TASK PROMPT
If pictures appear among the lines below, leave them out while you return exactly the lines from the one with "Il mondo di" through the one with "Mainsha Restaurant".

PROVIDED DATA
##########

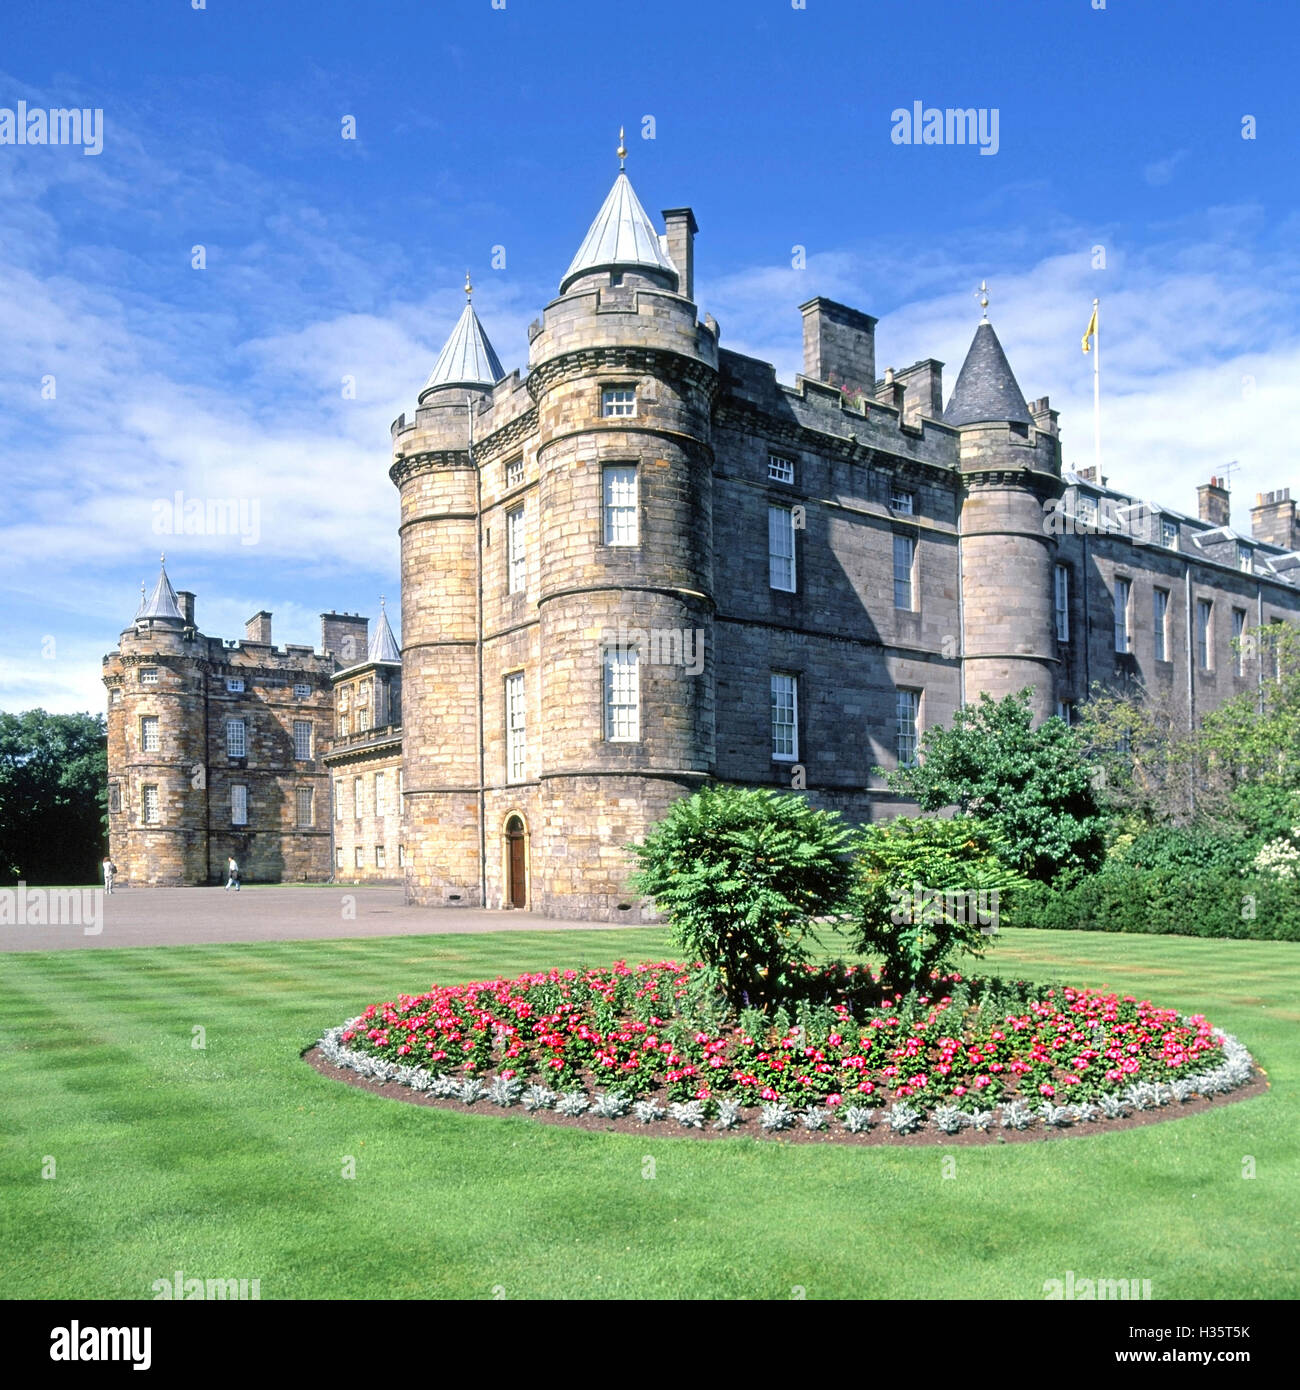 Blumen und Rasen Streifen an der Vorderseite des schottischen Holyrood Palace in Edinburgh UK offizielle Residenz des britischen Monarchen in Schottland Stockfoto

##########

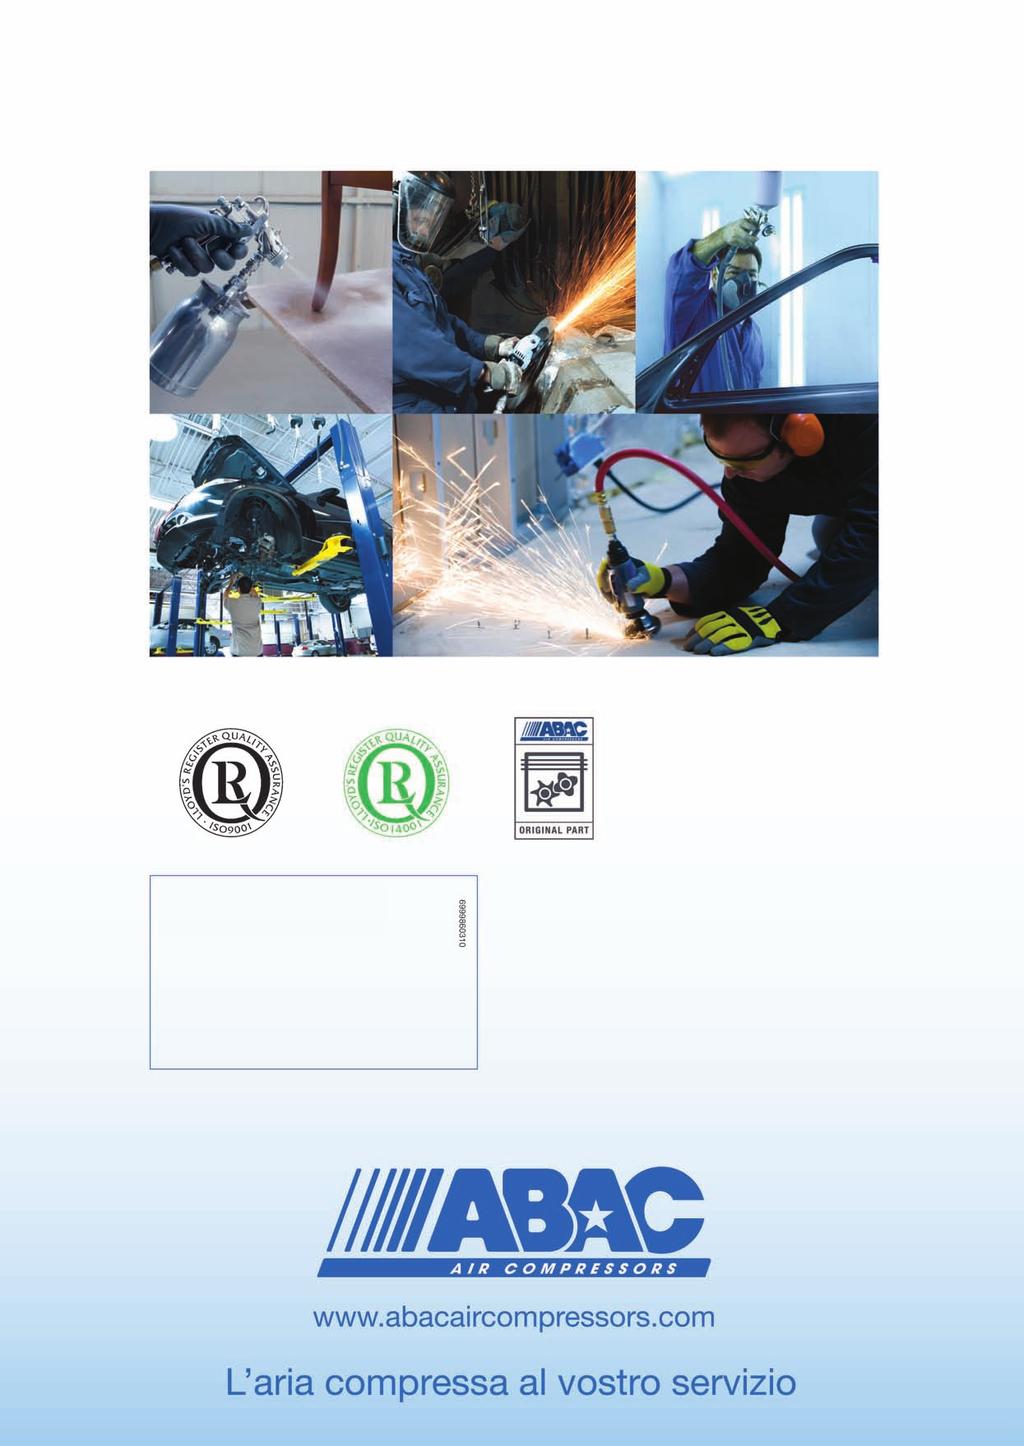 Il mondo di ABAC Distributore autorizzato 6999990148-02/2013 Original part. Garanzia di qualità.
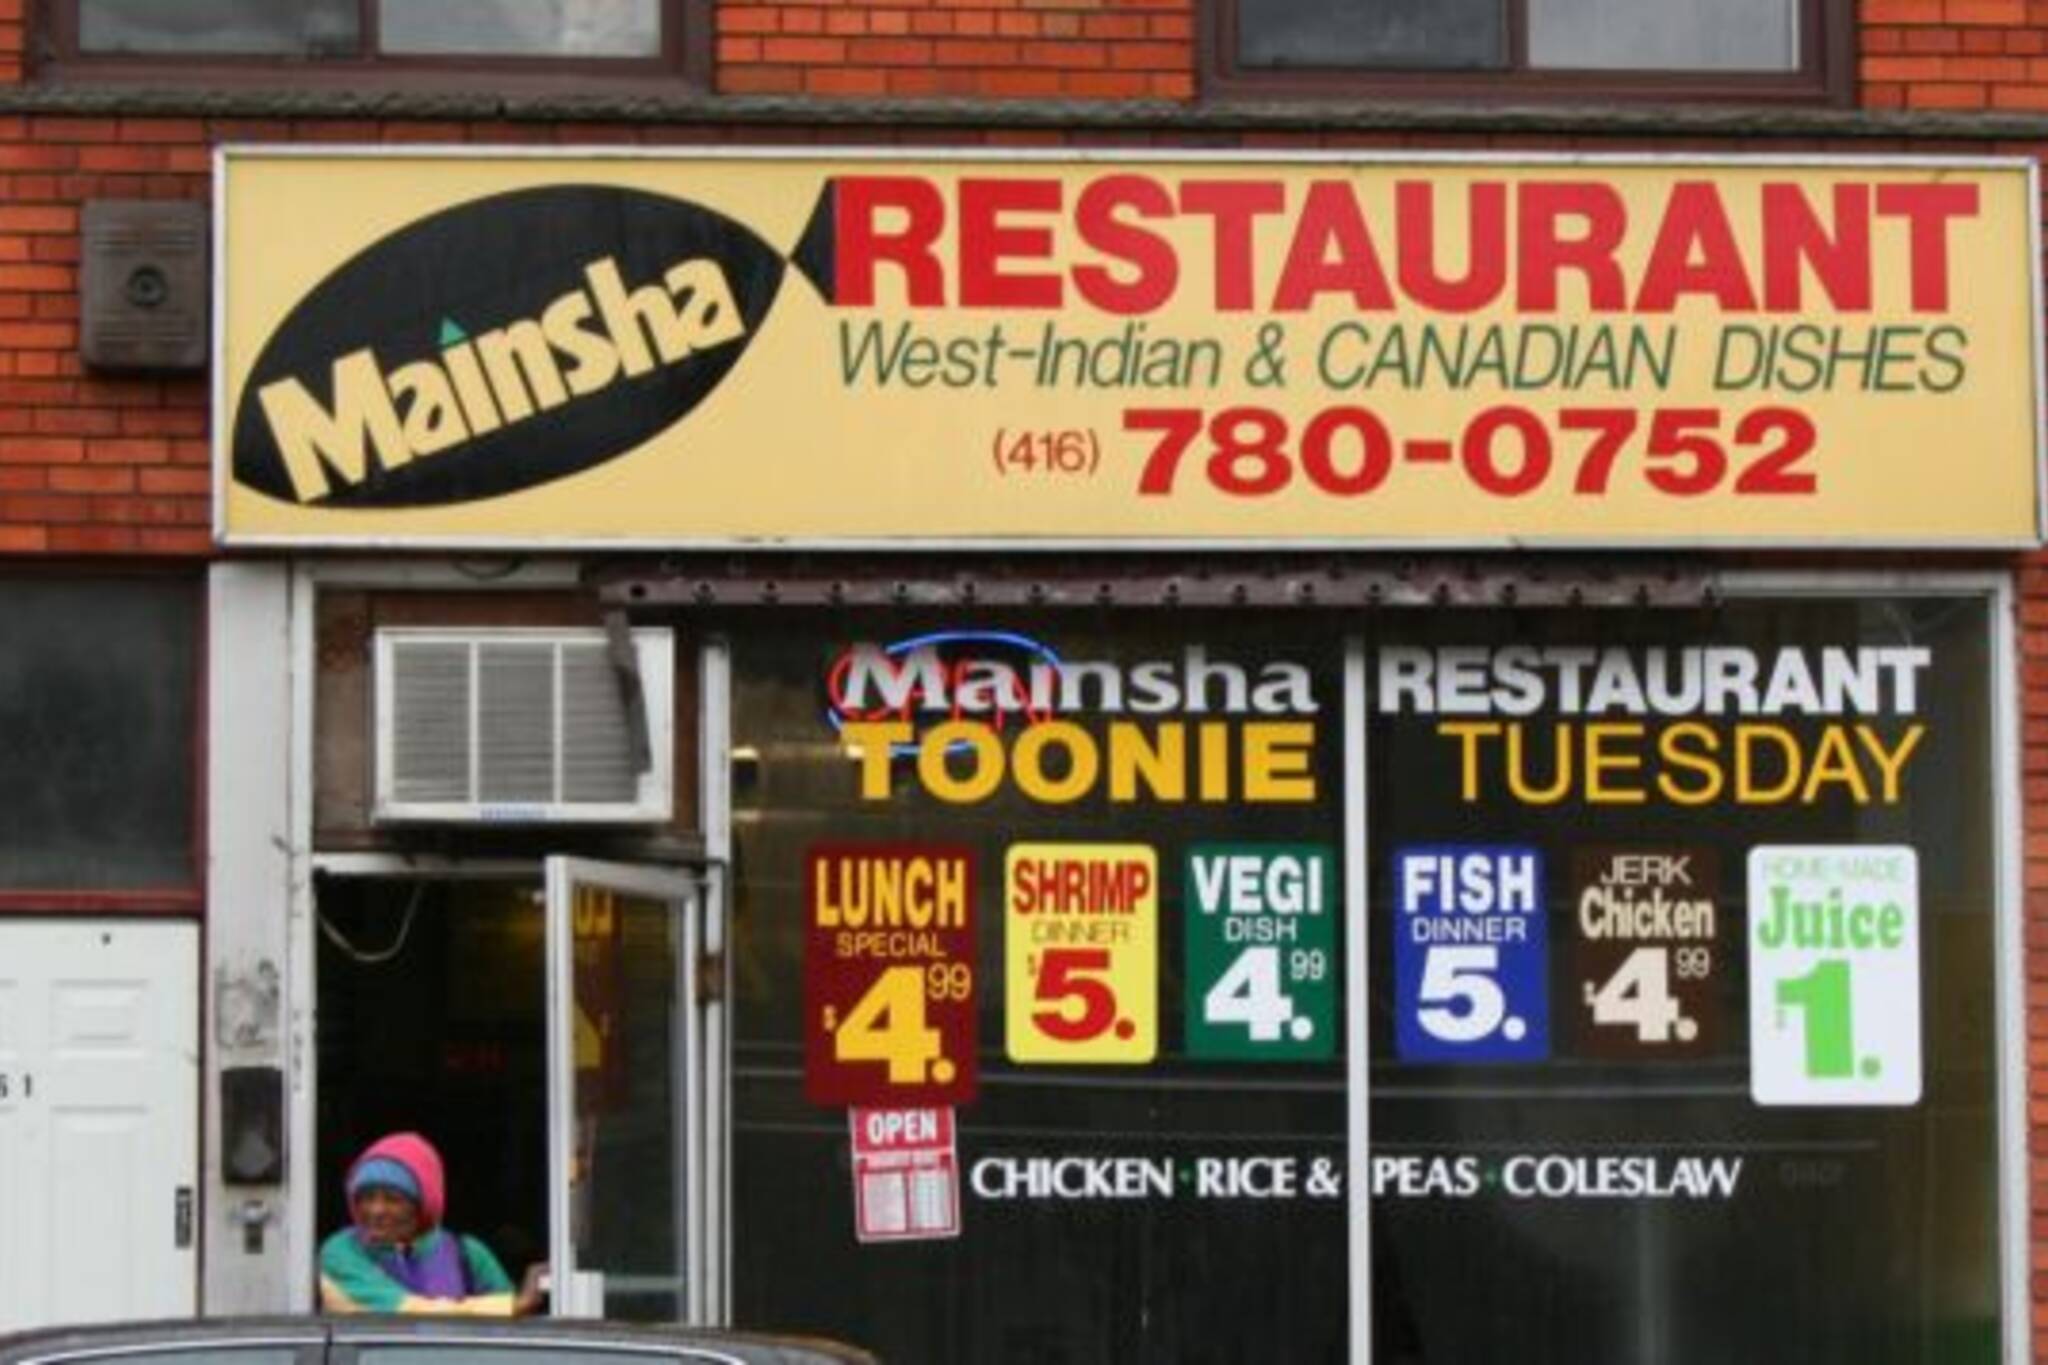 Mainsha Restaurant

##########

TASK ANSWER
 Il mondo di ABAC Distributore autorizzato 6999990148-02/2013 Original part. Garanzia di qualità.
 Mainsha Restaurant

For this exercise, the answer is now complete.